Anyone noticed having a kitten is like having an inquisitive and highly acrobatic toddler who never, ever learns no matter how many times you tell him no?
Anyway… in between realizing I’m not cut out to be a parent and wishing it weren’t raining so I could take advantage of the first truly cool night of the year, I am now in charge of writing a Boozy Books. So… I decided to go with two of the most inappropriate twists on Shakespeare ever:
Fool and The Serpent of Venice.
I was planning on just going with the second, but I realized you have to read the first to figure out what’s going on in the second since it’s… well, it’s not quite a sequel, but it does build on the events of the first. So reading the second without the first is just not as much fun. And, frankly, missing out on the hilarity of a comedic King Lear is just NOT WORTH IT.

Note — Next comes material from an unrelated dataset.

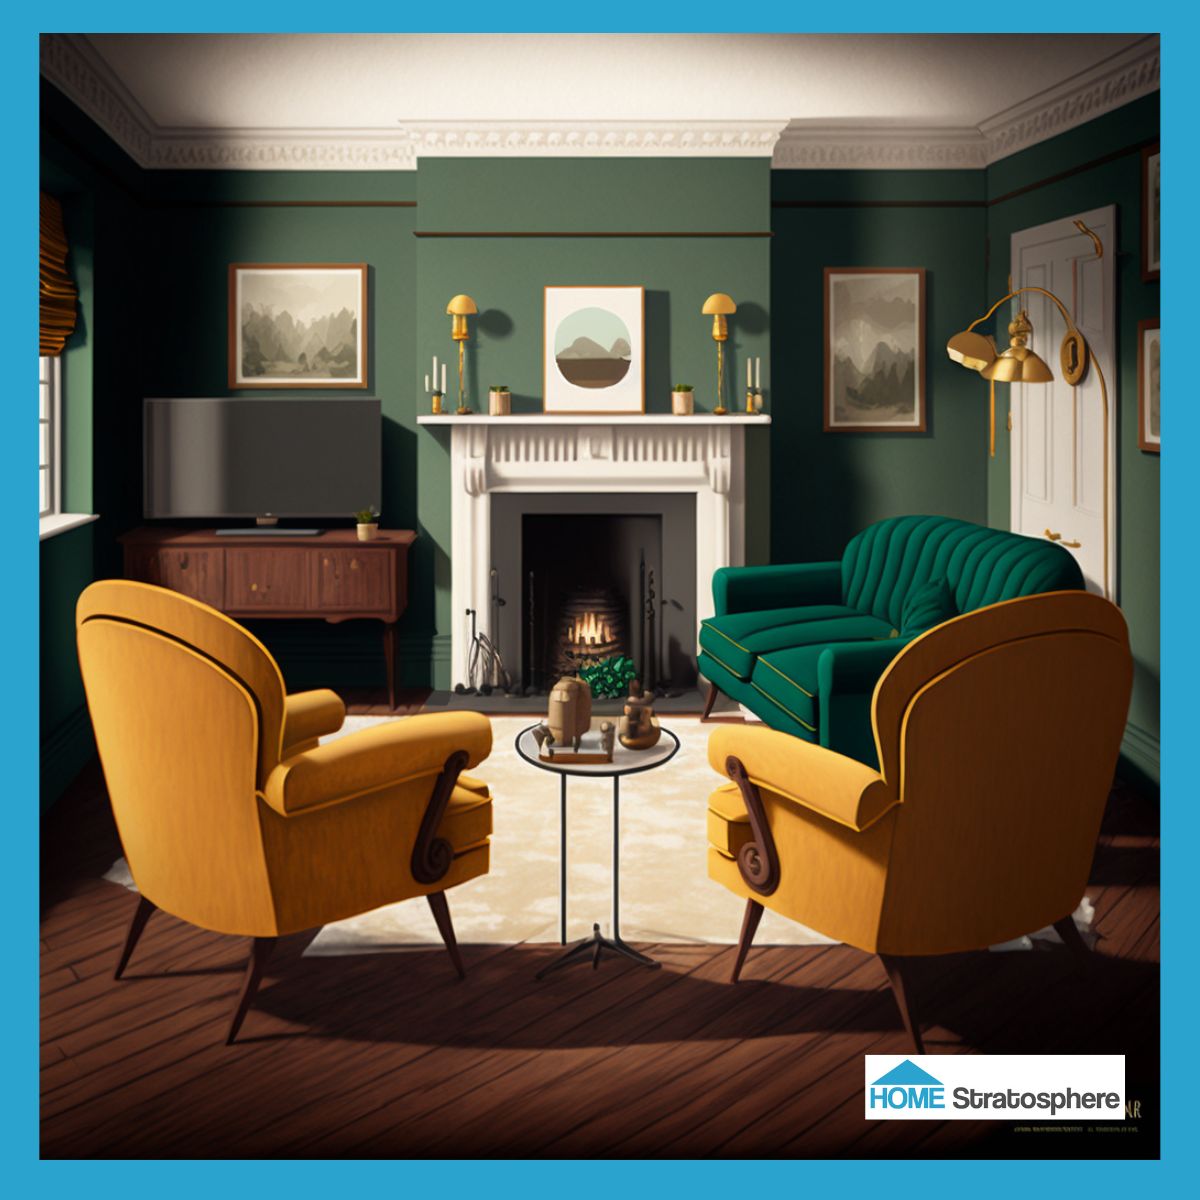 这个房间的灵感绝对来自20世纪50年代，但硬木地板看起来是全新的。这个空间里也有其他现代特色，比如平板电视。我喜欢深绿色的沙发和亮黄色的椅子形成鲜明的对比。白色的皇冠造型更加突出了这些颜色!

Oh, yeah… a comedic King Lear, told from the POV of The Fool, who is grossly inappropriate and only slightly more raunchy than Shakespeare usually is (except written in modern parlance, so more obviously raunchy to the modern reader), and re-written to be a comedy. I mean, pretty much everyone still dies, but there’s a pretty awesome ghost involved and, yeah, it’s pretty funny. Warning, though… it is grossly inappropriate. I can’t tell you this enough: it is grossly inappropriate. A lot of the humor is in Christopher Moore just going as over the top as possible in the realm of language, sex, farts, etc. Again, just like Shakespeare.
The sequel-not-sequel is a mix of Othello, The Merchant of Venice, and, funnily enough, The Cask of Amontillado. The Fool from the first book is now in, you guessed it, Venice and is getting involved (in oh-so-many ways) with all our favorites from Shakespeare’s two great Venetian plays (his only two Venetian plays). And, guess what? IT’S STILL A COMEDY! It’s overly sexual, overly scatological (I love that word), and has the Fool being inappropriate. And shut up inside a brick wall because, like I said, The Cask of Amontillado makes an appearance. There’s also a literal serpent and, you guessed it, ANOTHER GHOST. Because there’s always a fucking ghost.
As one half of the duo behind what will be the most amazing re-telling of Romeo and Juliet ever (yeah, I said it), I am always down for books that combine various Shakespeare plays, blur the lines between their respective eras (Lear definitely doesn’t take place at the same time as Othello, for example), and take what works for your storyline. It’s honoring the Bard, in my mind, and because he’s in the public domain, it doesn’t violate my dearly held beliefs regarding intellectual property. (Hint: I am not a fan of fan-fiction unless the author gives you permission to write it.) While Moore’s humor is sometimes a bit too raunchy even for my sensibilities, it typically manages to be downright Shakespearean. (Remember, Shakespeare’s the originator of the ‘yo mamma’ joke and could sometimes have lines that count as triple entendre.) And Moore is the writer of one of my favorite books of all time (Lamb, which I’ve mentioned before… a lot), so I give him some leeway.
What to drink? A cask of Amontillado! Duh!
I’ll see you Sunday… or Monday. Not sure which.